I noticed the latest revision (7cdbcbb) has 0 MTP keys, while the base model has 785 (mtp.fc.weight, mtp.layers.0.*, etc.), and an older AutoRound snapshot (89766f.) also had those 785 keys. Was dropping the MTP heads intentional? I tried importing MTP heads from the upstream Qwen FP8 quant into this AutoRound model, but inference became slower, not faster. My guess was due to running them in FP8 instead of int4.
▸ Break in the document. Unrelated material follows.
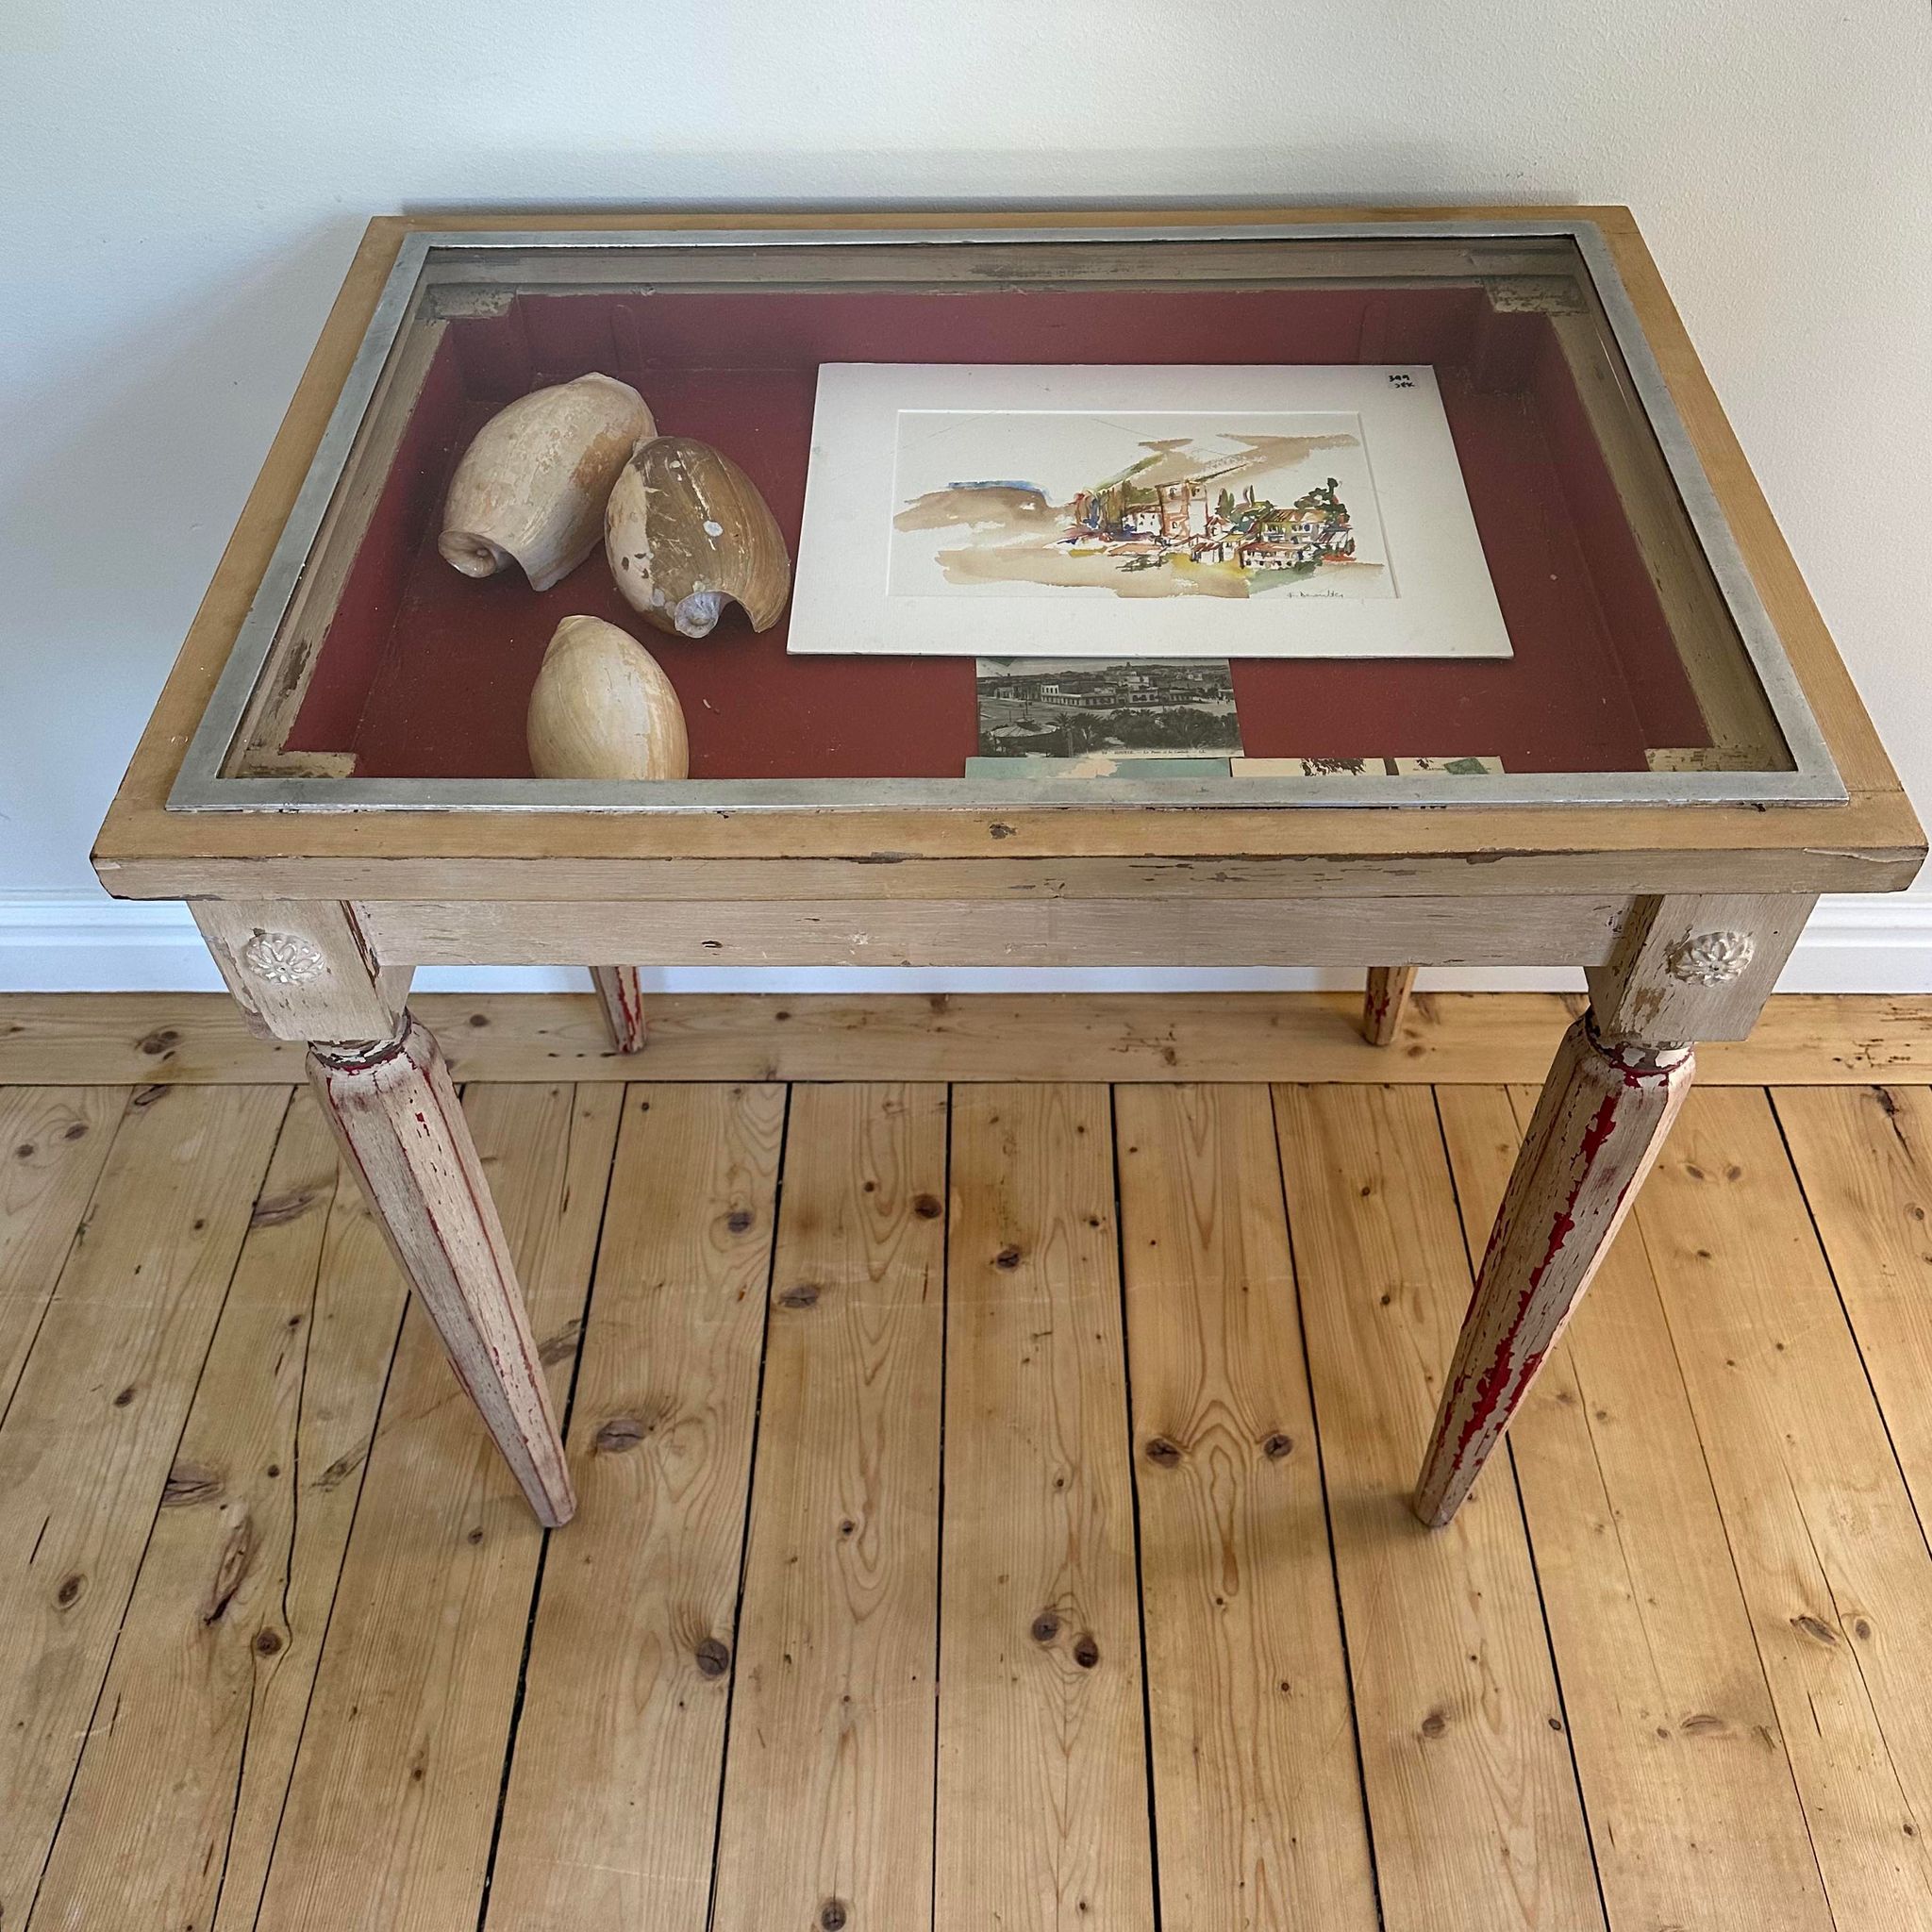 Old display table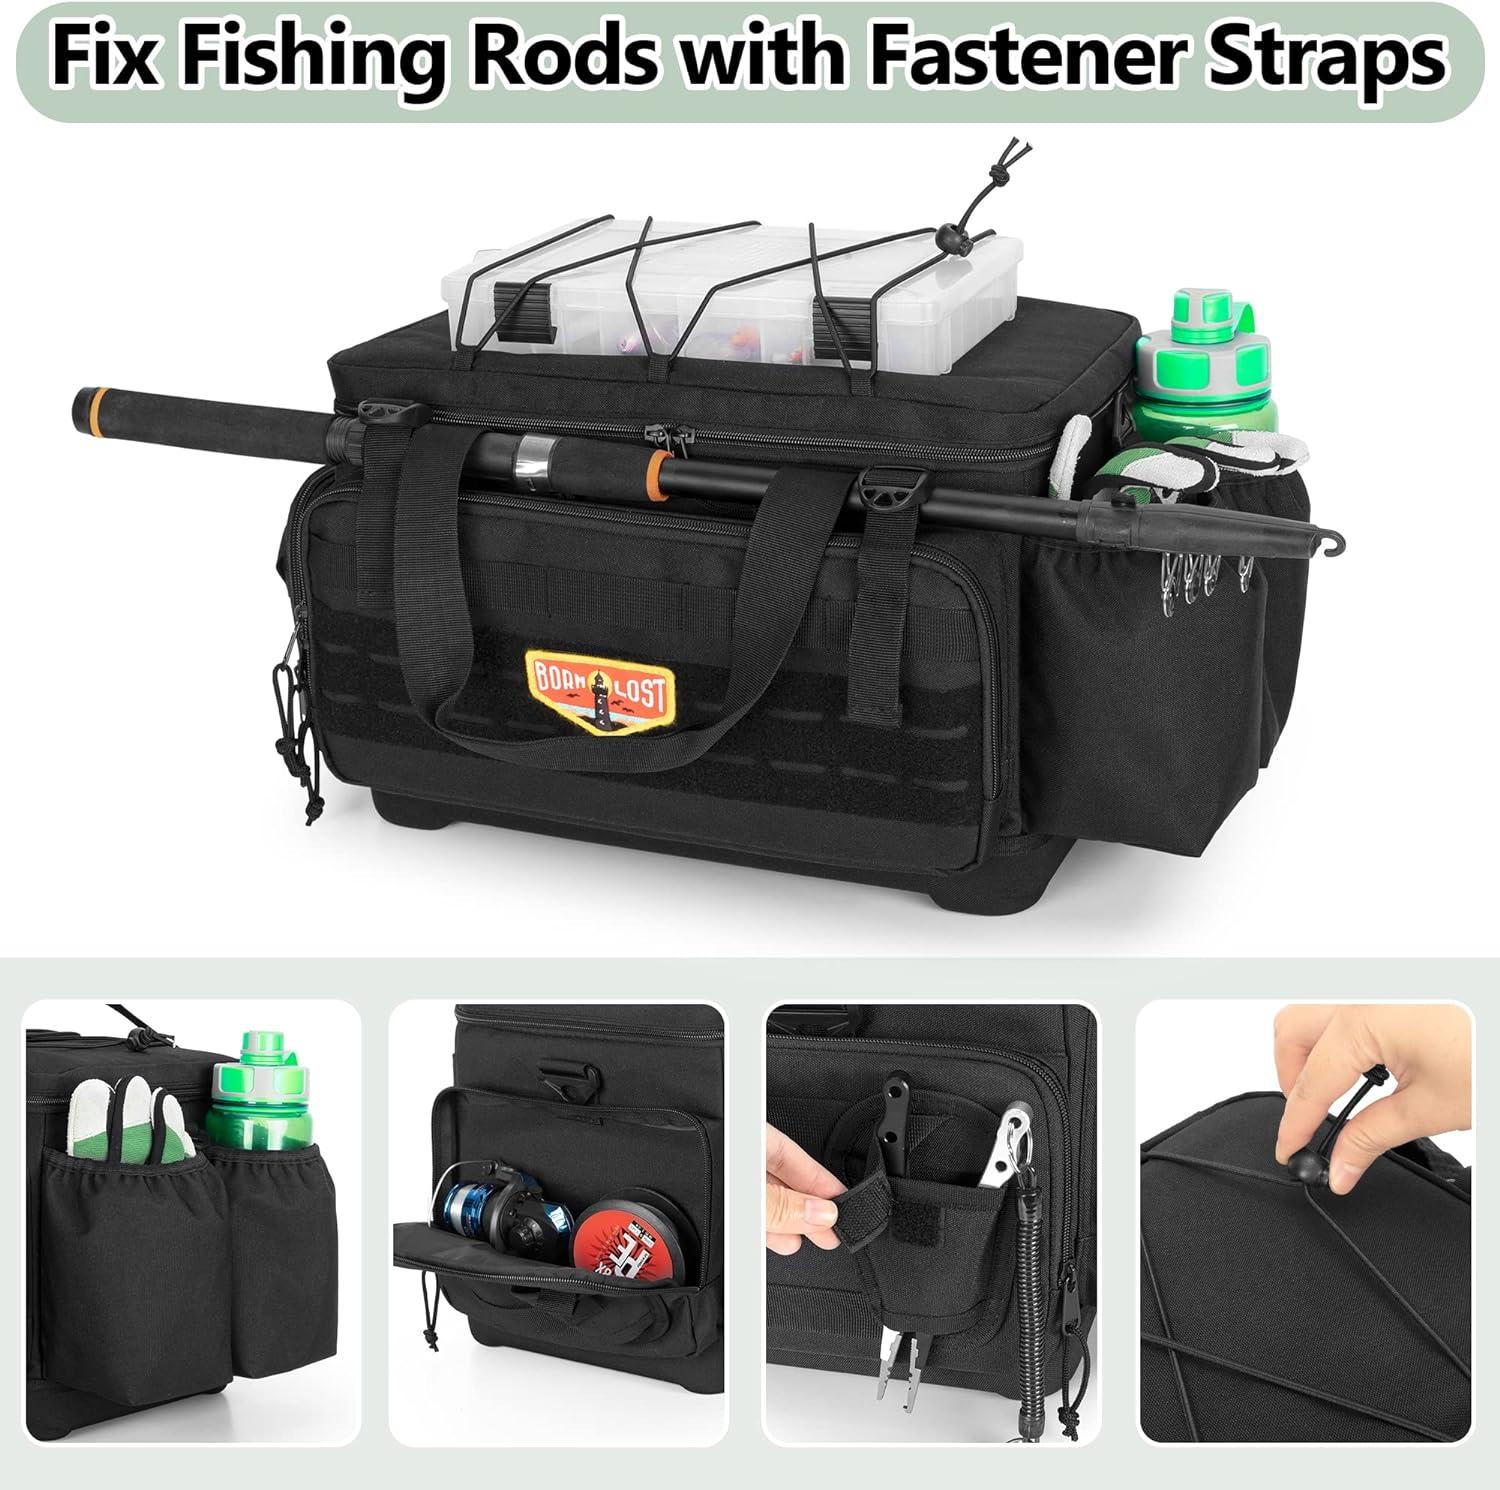 Men Fishing Tackle and Rod Holder Waterproof Storage Bag with Non

Since this build is symmetric INT4 (group size 128) on the GPTQ-Marlin path, do you expect any benefit from keeping/quantizing MTP heads in AutoRound on this hardware, and is that flow currently supported?
what token/sec throughput are you getting ?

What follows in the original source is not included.